52. Mereka yang sekarang mencoba

57 11 3
                                    

"Week end gue jadi ancur gara-gara lo, Kur. Harusnya gue nggak keluar, dan harusnya gue nggak nyamperin lo, harusnya gue nggak ngajak lo ngobrol sampek bikin gue jadi ancur gini," ucapnya dari tadi sembari menelusuri jalanan yang cukup sepi tersebut. "Penyihir lo, emang!"

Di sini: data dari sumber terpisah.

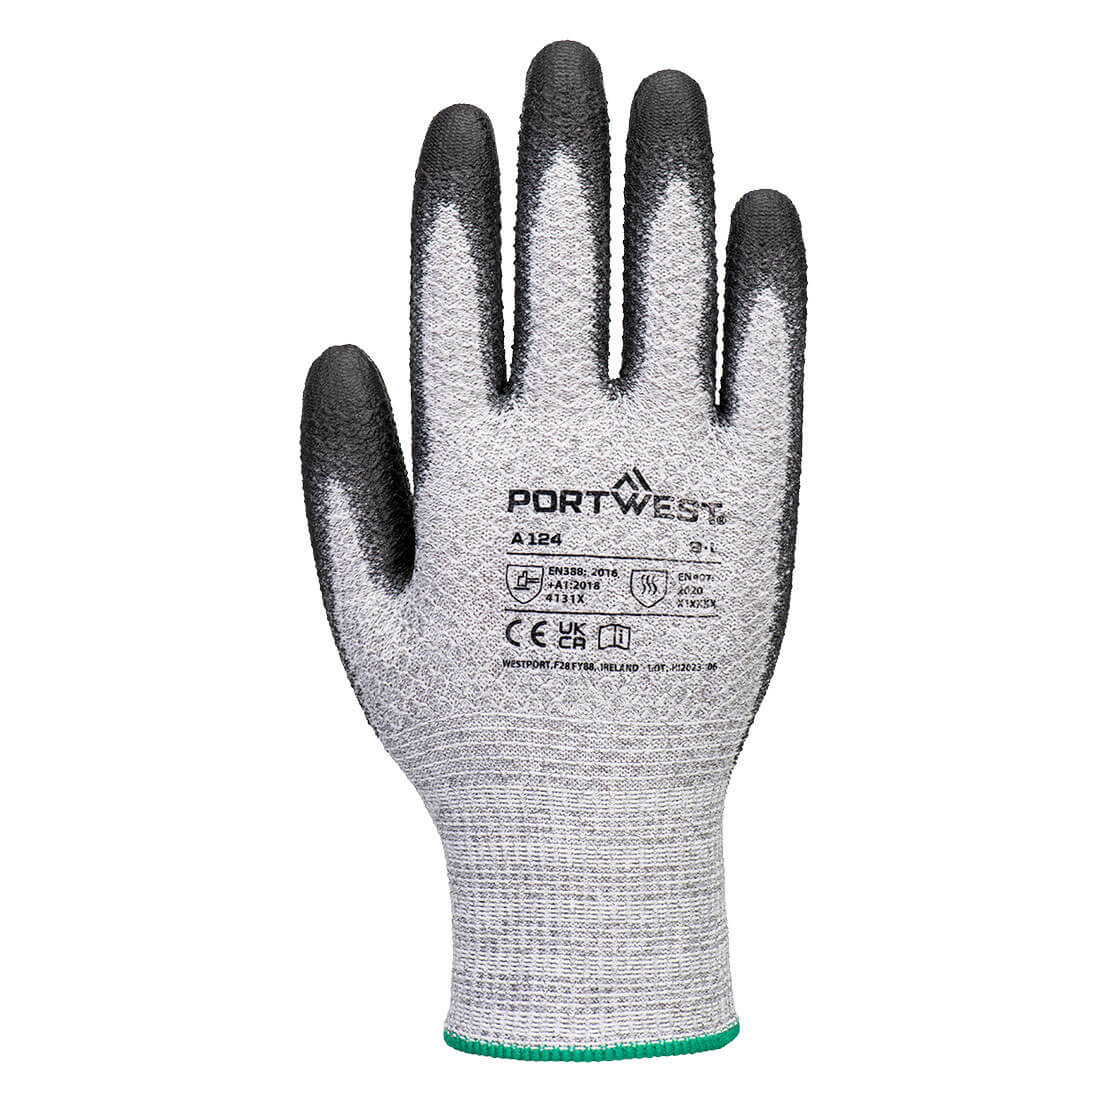 Gant Grip 13 PU Diamond knit (Pack 12) - Les équipements de protection individuelle

Kuroo yang jadi biang kerok, atau itu yang Yaku ucapkan, hanya memasang wajah pasrah dan terus berjalan beriringan dengan cewek yang menyebutnya penyihir. Iya, penyihir hatinya. Sesekali mengangguk mengiyakan ucapan Yaku yang tak masuk di akalnya. Menyalahkannya tapi dia sendiri suka dengan kejadian beberapa menit lalu. Kenapa cewek rumit banget sih?

"Iya gue penyihir, dan lo tumbal penyihirnya. Jadi lo nggak bisa nolak gue," kata Kuroo yang akhirnya mau menanggapi ocehan Yaku. "Sekarang siniin tangan lo!" titahnya dan ditolak mentah-mentah oleh Yaku.

"Nggak mau, lo kan penyihir, ntar kalo gue lo makan Mak gue nyariin."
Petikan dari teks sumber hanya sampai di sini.